2 in 3 Americans say harder to get mortgage: survey
NEW YORK (Reuters) - Two in three Americans say it has become more difficult to obtain mortgages, reflecting how lenders have made it tougher to obtain credit as housing prices tumble and capital markets tighten.
According to a survey commissioned by Deloitte LLP, 67 percent of people who applied for a home mortgage found the process more difficult than before the U.S. housing crisis began a year ago.
Sixty-five percent of people seeking home equity lines of credit also reported greater difficulty, as did 62 percent of those seeking personal loans, the survey said.
Deloitte attributed the results to banks' restricting access to credit, and consumers' belief that the terms they are being offered might be too onerous in light of weak economic conditions.
More than nine in 10 people believe the nation's economy is barely growing or in recession, the survey said.

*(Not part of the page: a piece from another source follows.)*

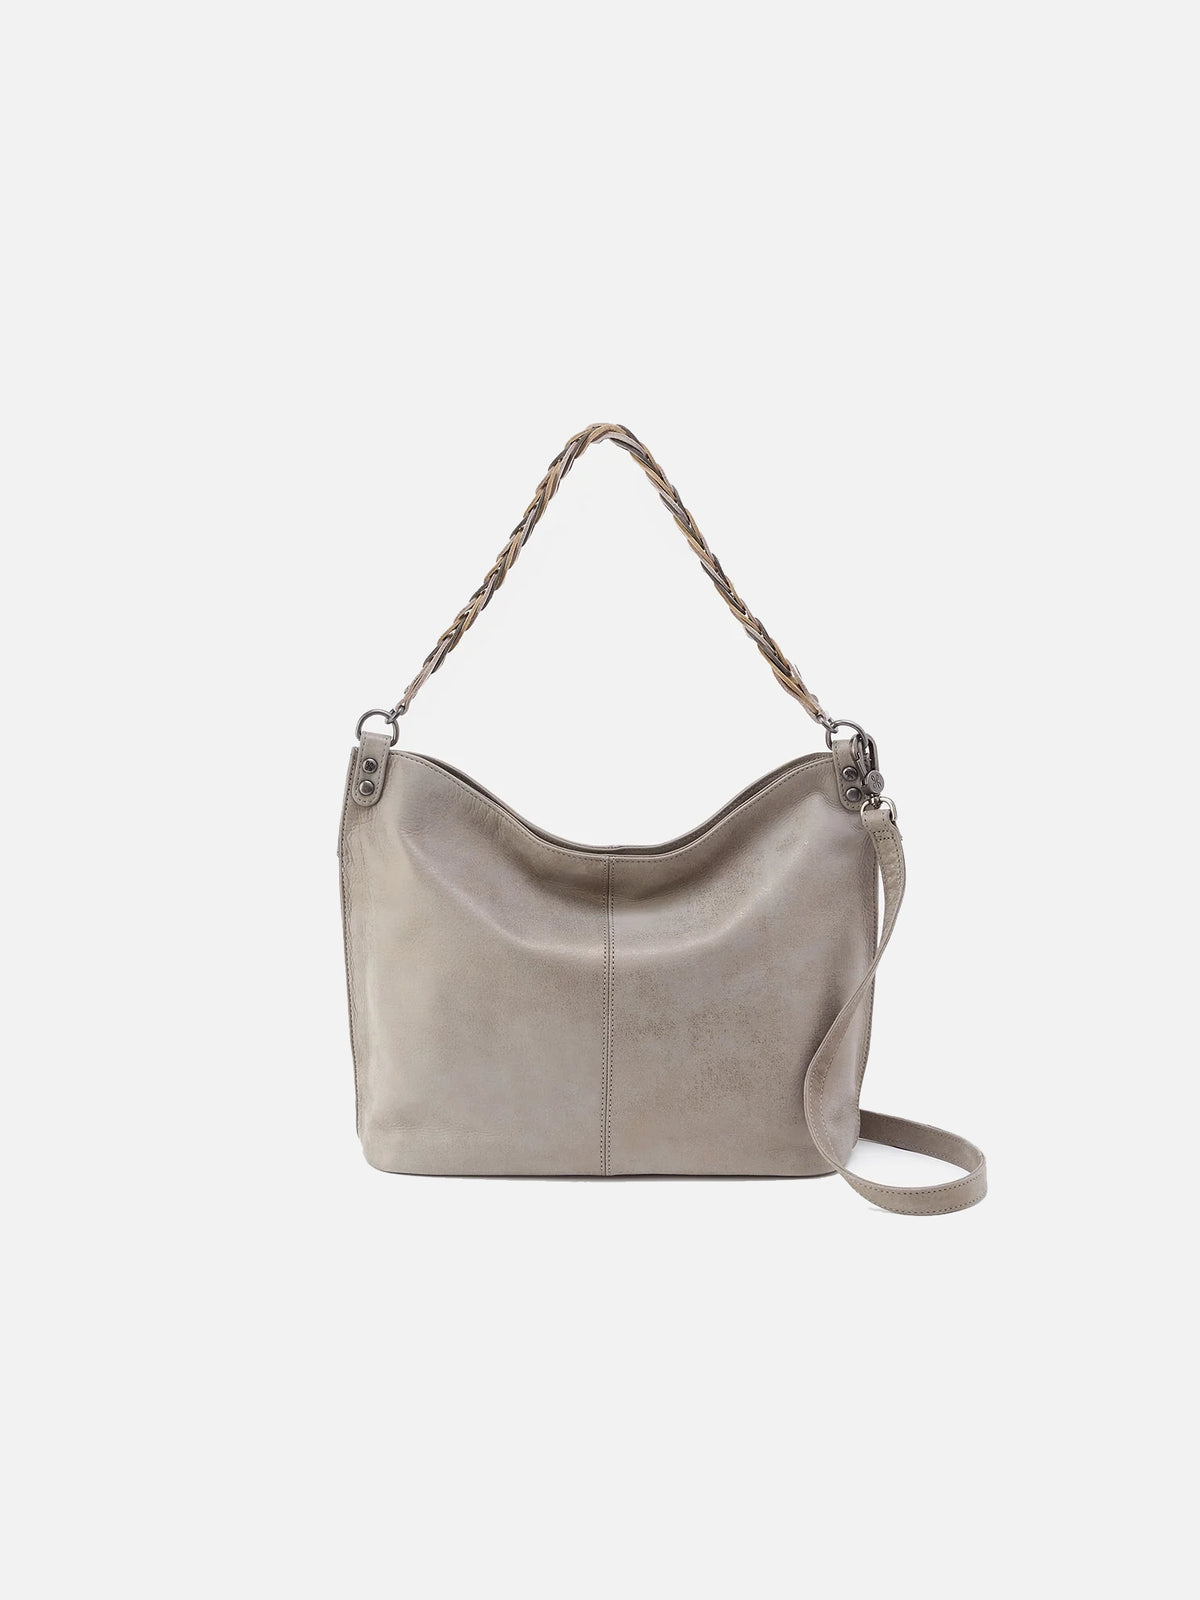 hobo pier shoulder bag in granite grey metallic leather
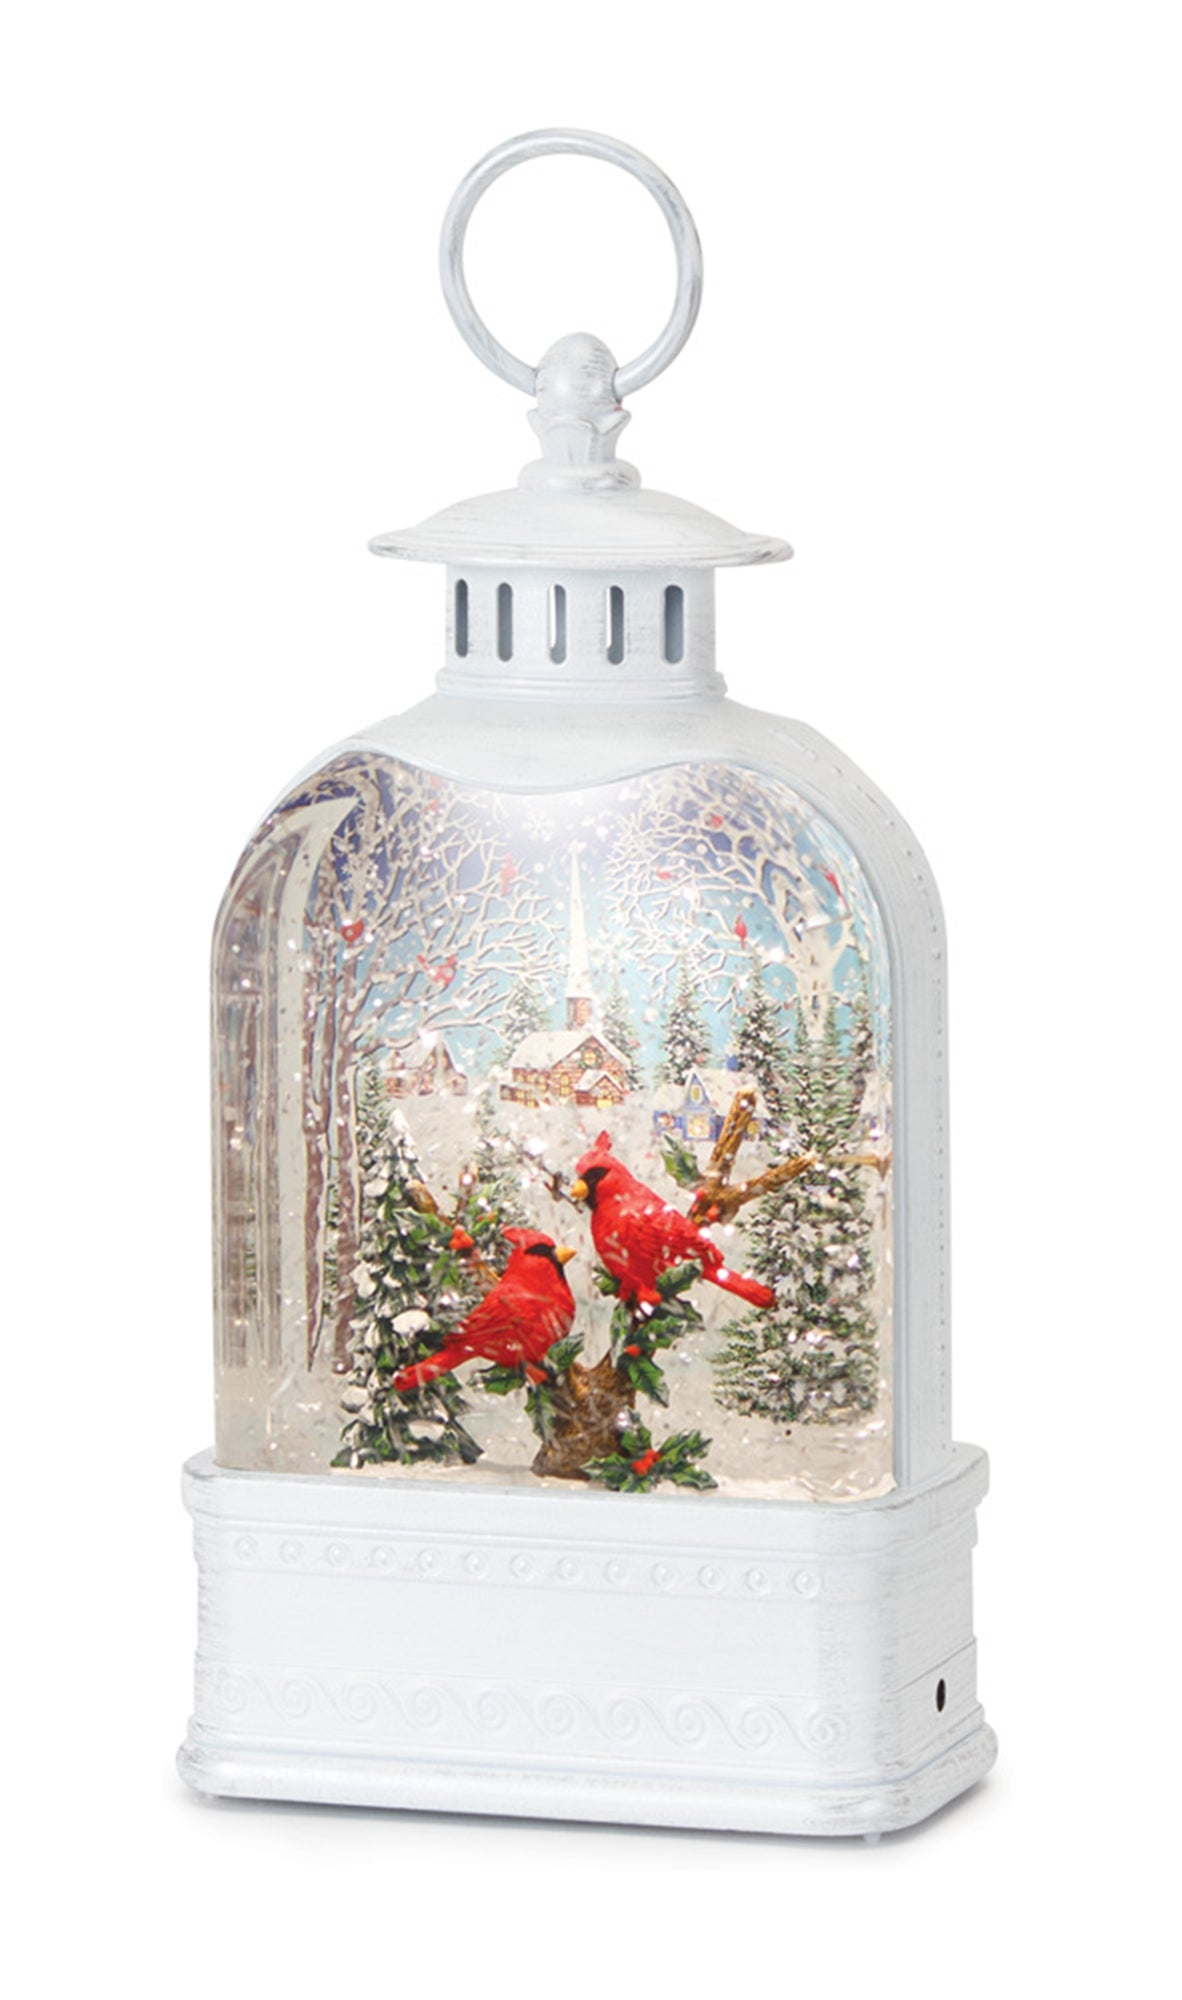 LED Snow Globe Lantern with Cardinal Forest Scene 10.5"H

A Federal Reserve survey in April of senior loan officers said banks tightened lending standards over the previous three months out of concern about a weakening economic outlook.
Obtaining home loans could grow even tougher if Fannie Mae and Freddie Mac, which own or guarantee $5 trillion of debt, were to find it harder to buy mortgages.
Their shares tumbled on Friday after The New York Times said the Bush administration was considering a plan to put the mortgage companies, long thought to have implicit government backing, into a conservatorship if their problems worsen.
Deloitte said it commissioned its survey from Harris Interactive, which studied 2,019 adults from June 5 to 9.